The difference between DevOps and SRE

Source: Infracloud

A friend and I were talking about career paths recently and there was a lot of talk about DevOps and SRE. When I was first introduced to the two concepts a few years ago I often confused them, but unfortunately, no one was there to answer my confusion. Now it’s extremely popular, but I found that my friend still has some misconceptions about the two roles. So I’ve given some insights and put together an article to share with the public.

The most common misconceptions.

  • DevOps is a new concept, it’s so advanced!
  • SRE is an advanced version of DevOps
  • Ops can easily turn into a DevOps engineer

DevOps is literally a combination of Dev development / Ops operations, in the strict sense of DevOps (via DevOps - Wikipedia).

DevOps (a combination of Development and Operations) is a culture, movement, or practice that values communication and collaboration between “software developers (Dev)” and “IT operations technicians (Ops)”.

SRE, or Site Reliability Engineering, was first introduced by Google and has been developed in its engineering practice. They also published a book by the same name, Site Reliability Engineering, which has helped to spread the concept widely among Internet engineers.

Google explains SRE as follows (via Site Reliability Engineering - Wikipedia).

Site reliability engineering (SRE) is a discipline that incorporates aspects of software engineering and applies that to operations whose goals are to create ultra-scalable and highly reliable software systems.

I have redefined SRE as:

A site reliability engineer is a software engineer who is committed to building “highly scalable, highly available systems” and implementing them as a matter of principle.

By definition, DevOps is a culture, movement and practice, whereas SRE is a position with strict tenure requirements.
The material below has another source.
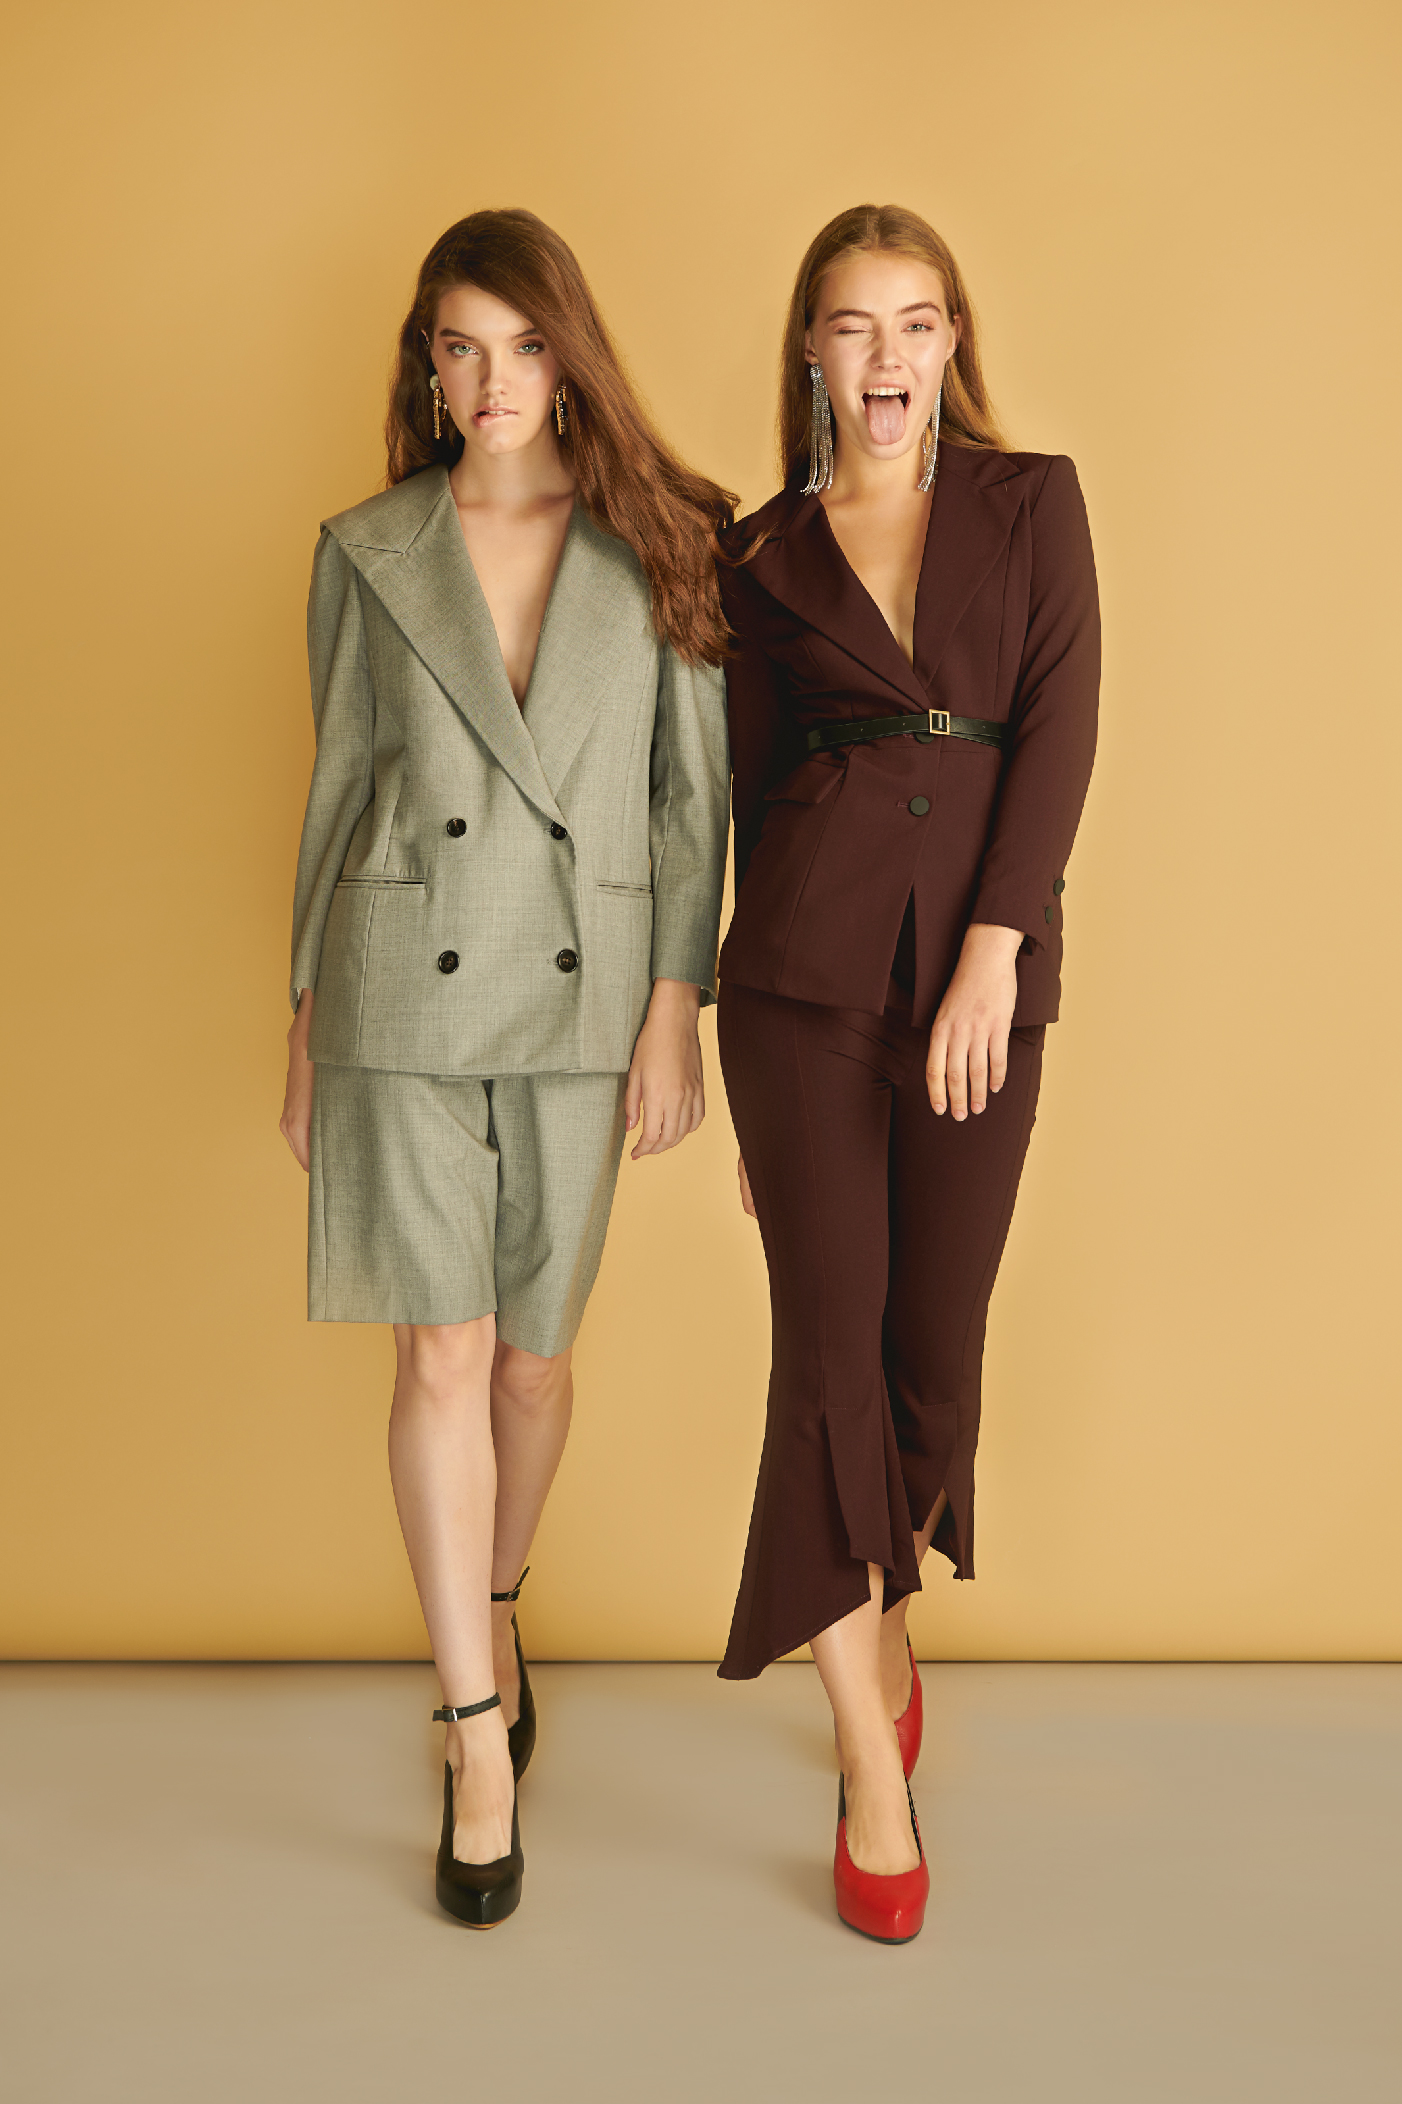 https://s3-ap-southeast-1.amazonaws.com/bchurunway/lookbook/fashion-bold/lookbook_fashion+Bold_edit+photo-04.jpg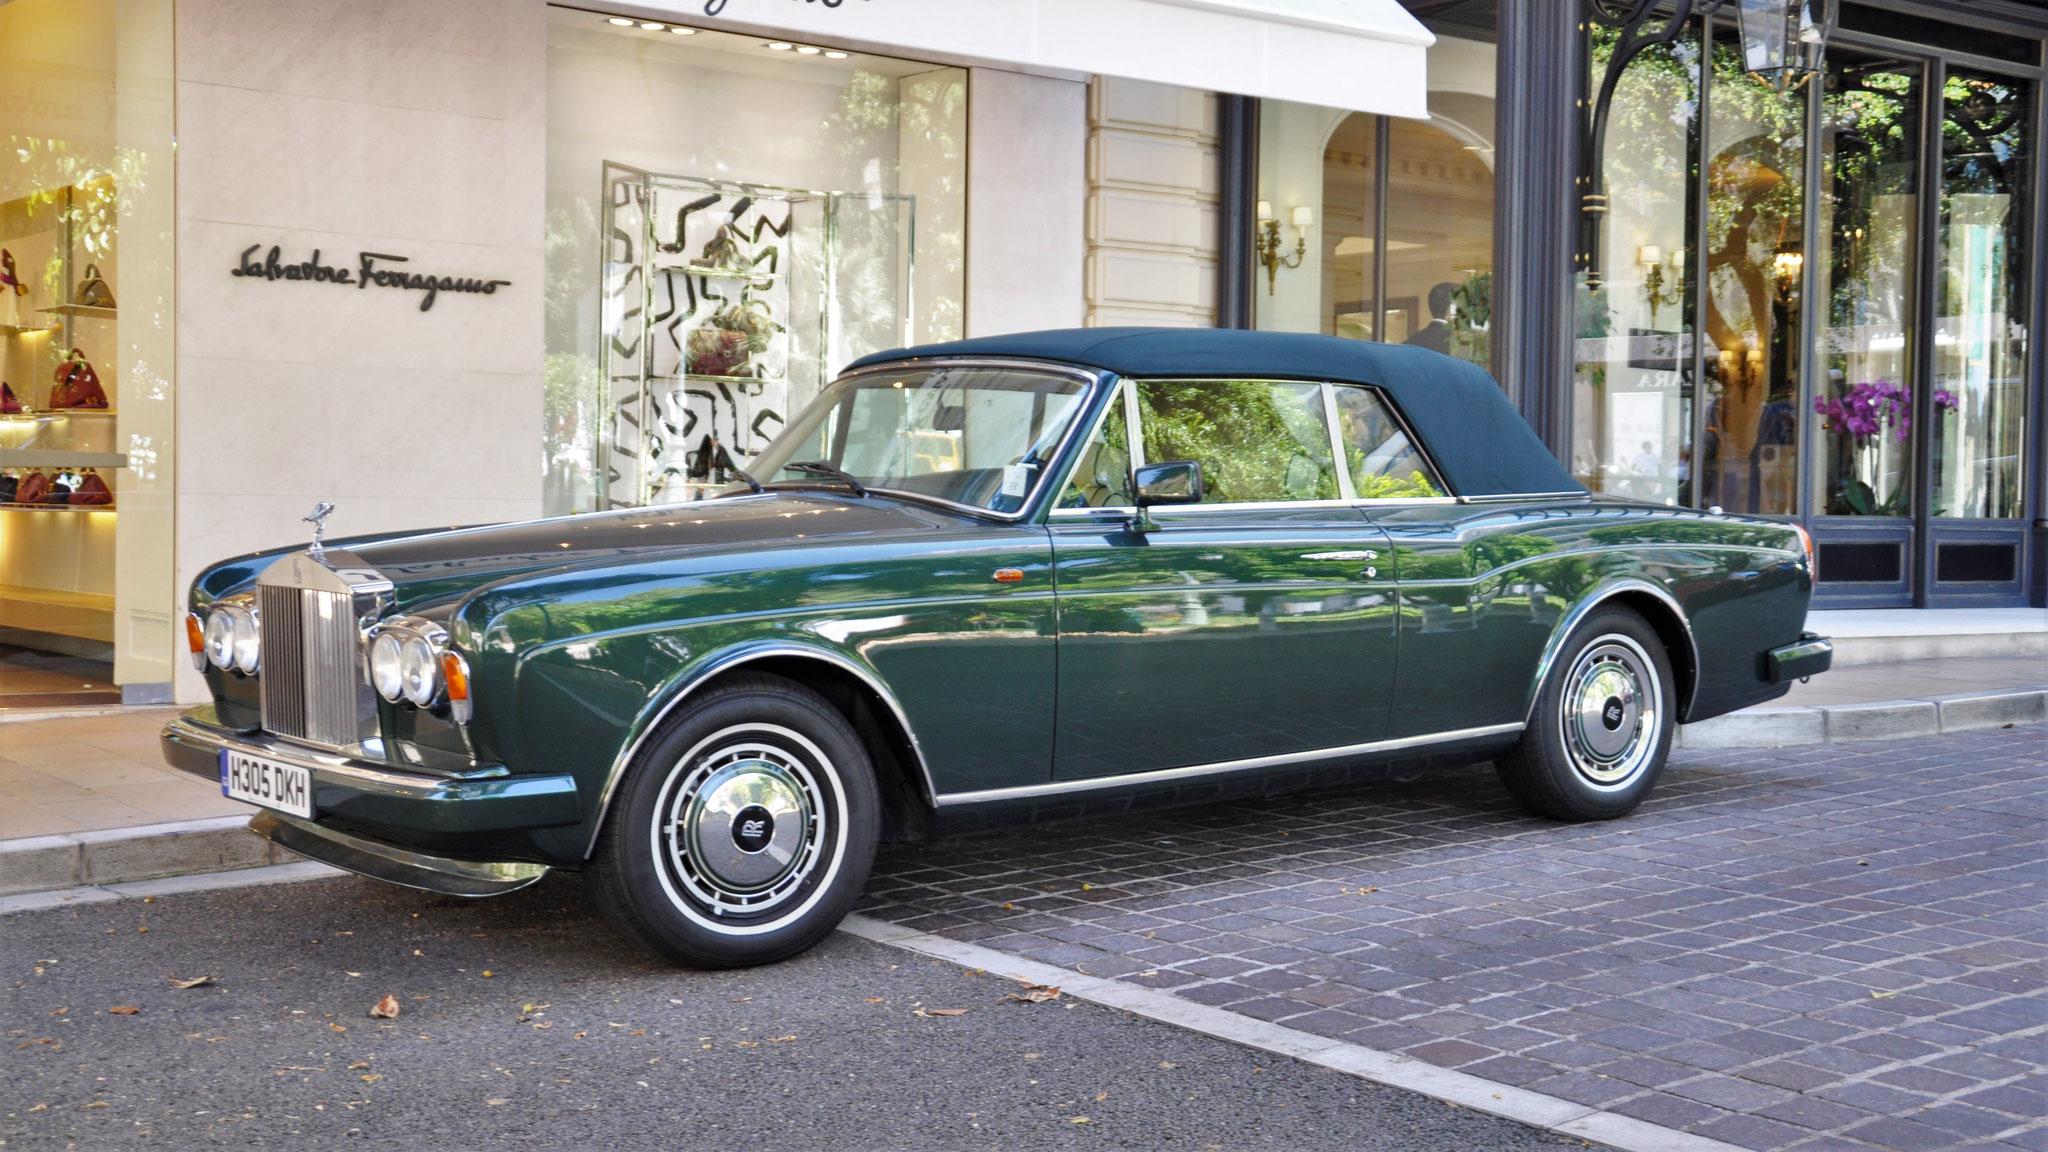 Rolls Royce Corniche - H305-DKH (GB)

Culture is a soft definition, and culture has more concepts to make up, whereas SREs are less imaginative (or perhaps SREs have a high threshold) because of their precise definition. According to Google, SRE engineers practice a DevOps culture. This is true, but DevOp is gradually becoming independent of DevOps engineers, so in this article, I will focus on the comparison between DevOps engineers and SRE engineers.

The needs of the Internet gave birth to DevOps. In the most traditional software companies, it was all Dev and no Ops, and Ops was probably still just technical support staff. Development followed a waterfall - requirements analysis, system design, development, testing, delivery, operation, and the traditional software release was a heavyweight operation. At this time, Ops did not have direct high-frequency contact with Devs, and even for some purely offline businesses, there was no such position as Ops.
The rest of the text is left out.